Sony AI recently announced a benchmark called "FHIBE" (Fair Human-Centric Image Benchmark), which touts fairness and impartiality.New AI Test Data Set.
Sony describes it as "the first publicly available, globally diverse, and consent-based collection of human images" specifically designed to assess whether bias exists in computer vision recognition processes.
In short, this dataset can be used to test whether current AI models treat different groups fairly. Sony's initial conclusion is that no single company's dataset perfectly matches its benchmark.
Emphasizing "consent-based" design, comparing web crawler data
Sony emphasizes that "FHIBE" aims to address the long-standing ethical and bias challenges facing the AI industry. The dataset contains images from nearly 2000 volunteers in more than 80 countries.

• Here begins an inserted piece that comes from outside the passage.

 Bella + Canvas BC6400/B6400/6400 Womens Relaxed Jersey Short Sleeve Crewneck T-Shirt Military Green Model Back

The most critical feature of this dataset is that all images are shared with consent, which is completely different from the current industry practice of using web scraping to scrape large amounts of public data. Participants in FHIBE also have the right to request the removal of their images at any time.
In addition, these photos contain a wealth of annotations, detailing demographic characteristics, physical features, environmental factors, and even camera settings.

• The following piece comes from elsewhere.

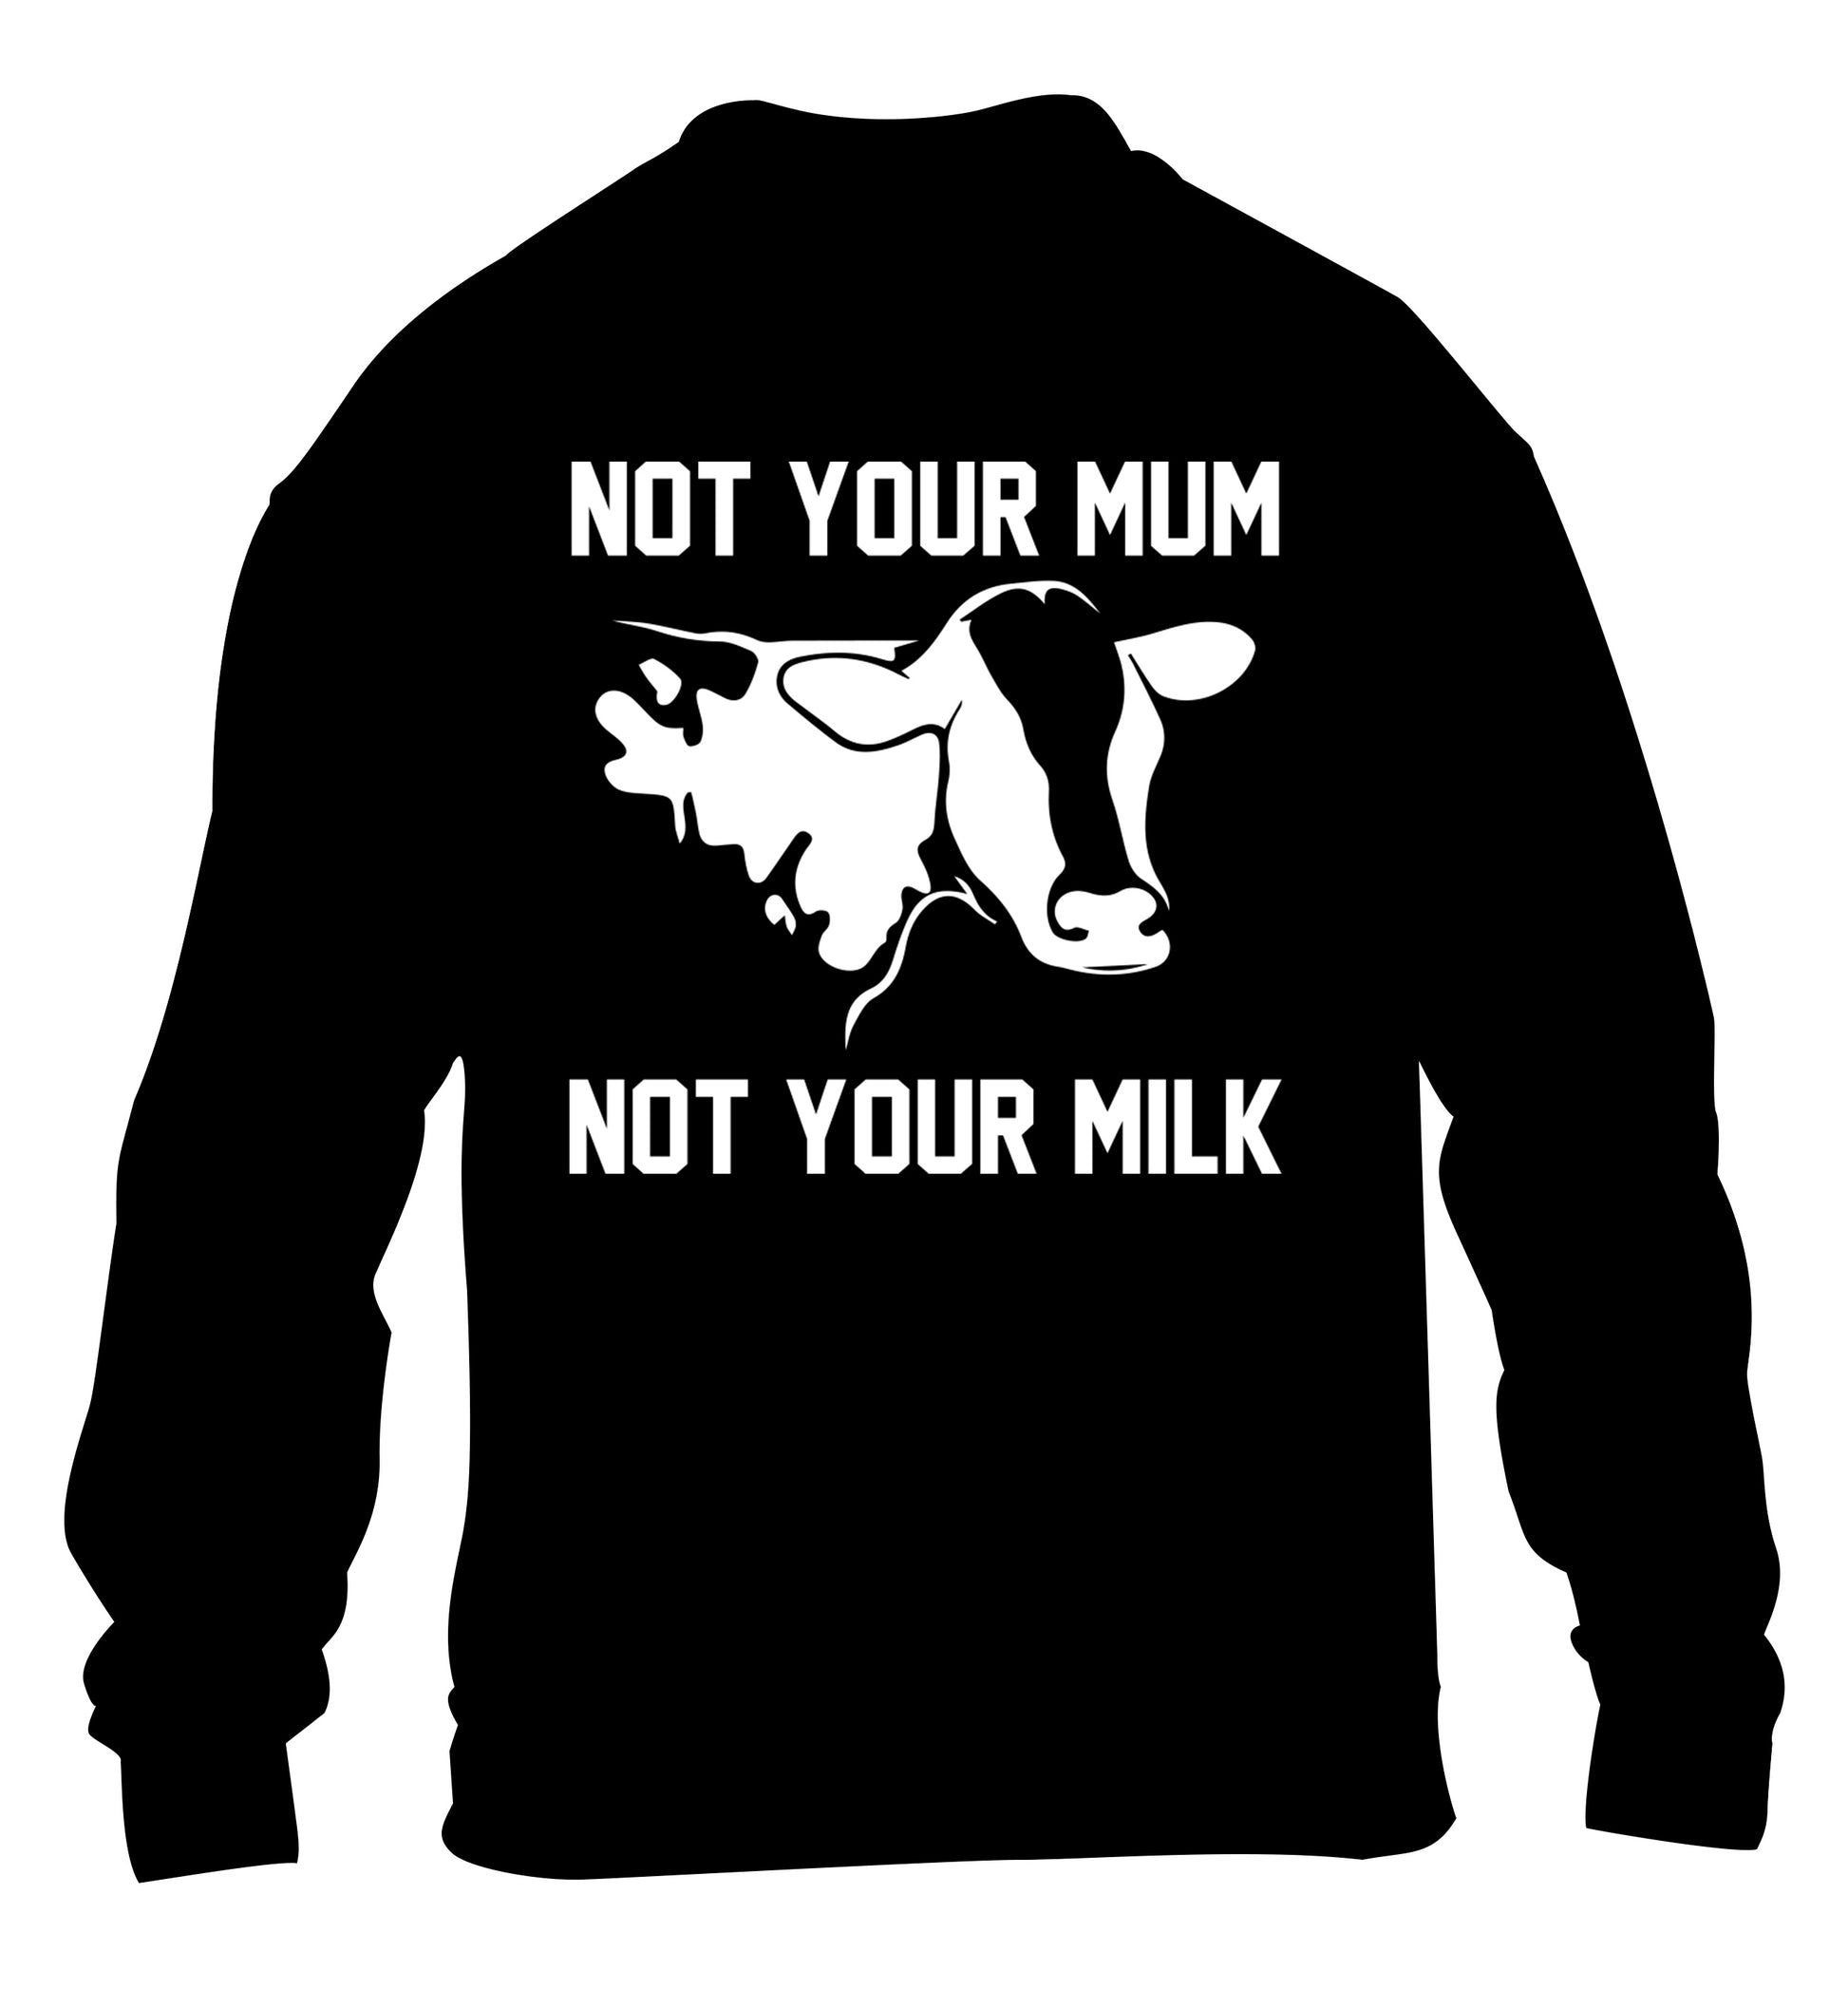 Not your mum not your milk children's black sweater 12-14 Years

Test results: confirmed existing AI biases and discovered new influencing factors.
The test results of this tool confirm that previously recorded biases do indeed exist in current AI models. However, Sony states that "FHIBE" can go further to identify the potential factors that lead to biases.

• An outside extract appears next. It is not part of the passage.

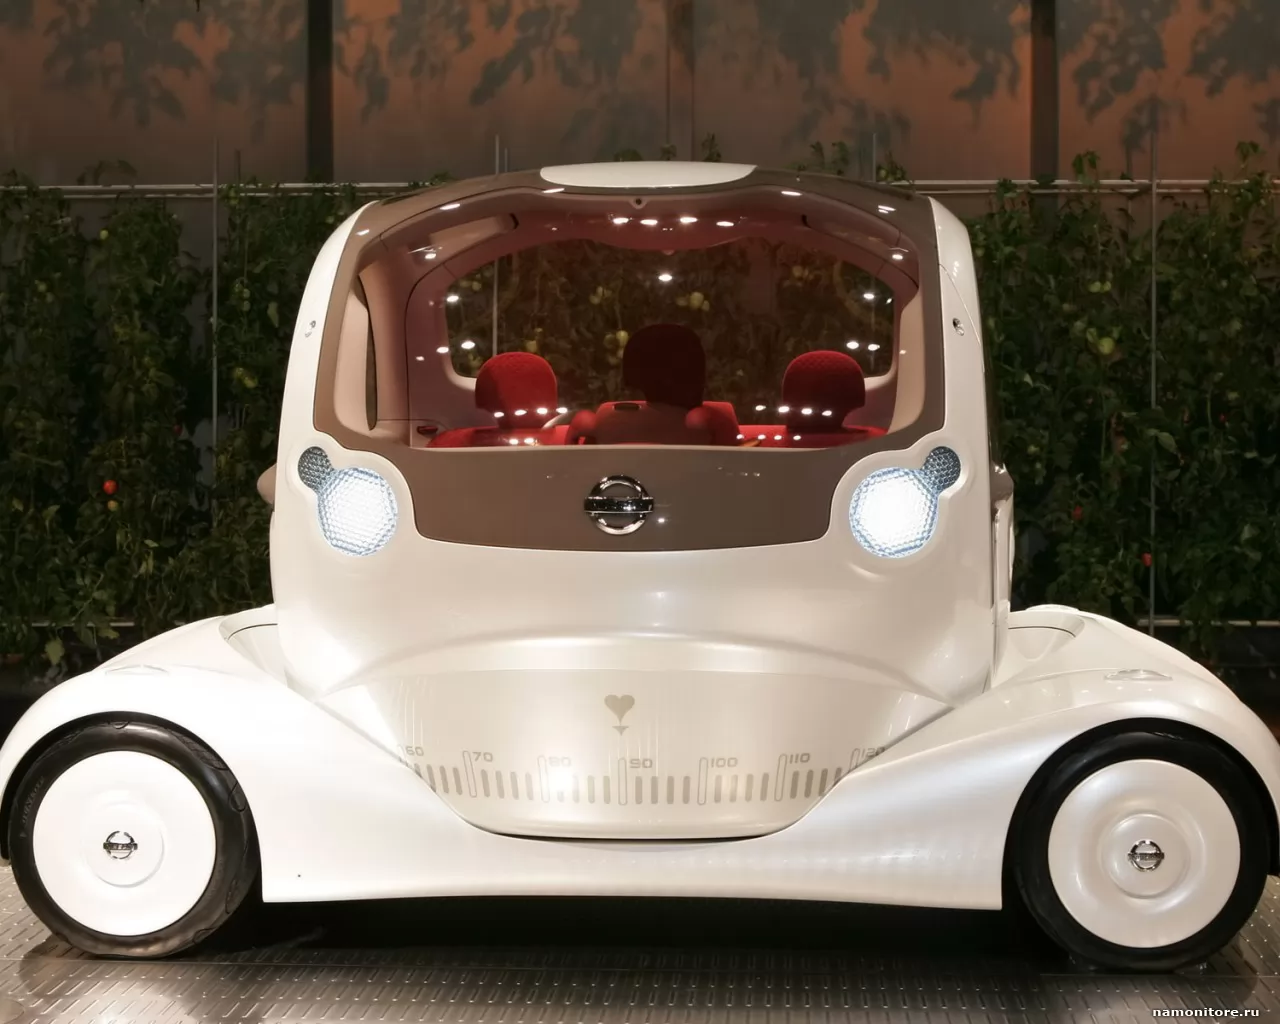 Белый Nissan Pivo-Concept, Nissan, автомобили, белое, концепт, техника х

For example, research has found that some models are less accurate when dealing with people who use "she/her/hers" (feminine pronouns). Furthermore, FHIBE shows that "greater hairstyle variability" is a key factor that has been overlooked in previous analyses of such biases, leading to misjudgments by AI.
Occupational Stereotypes and Toxic Responses
FHIBE also found that when asked "neutral questions" about participants' occupations, current AI models reinforce stereotypes. The tested models were particularly biased against "specific pronouns and ethnic groups," for example, they were more likely to describe them as sex workers, drug dealers, or thieves.
More seriously, when prompted about a crime committed, the model sometimes produces a higher proportion of toxic responses to individuals of African or Asian descent, those with darker skin tones, and those who use "he/him/his" (male pronouns), meaning it forms stereotypical prejudices against such individuals.
Demonstrating the feasibility of ethical data collection
Sony AI states that FHIBE proves that "ethical, diverse, and fair" data collection is achievable. This tool is currently publicly available and will continue to be updated, and related research papers have been published."nature" Published in the journal (Nature).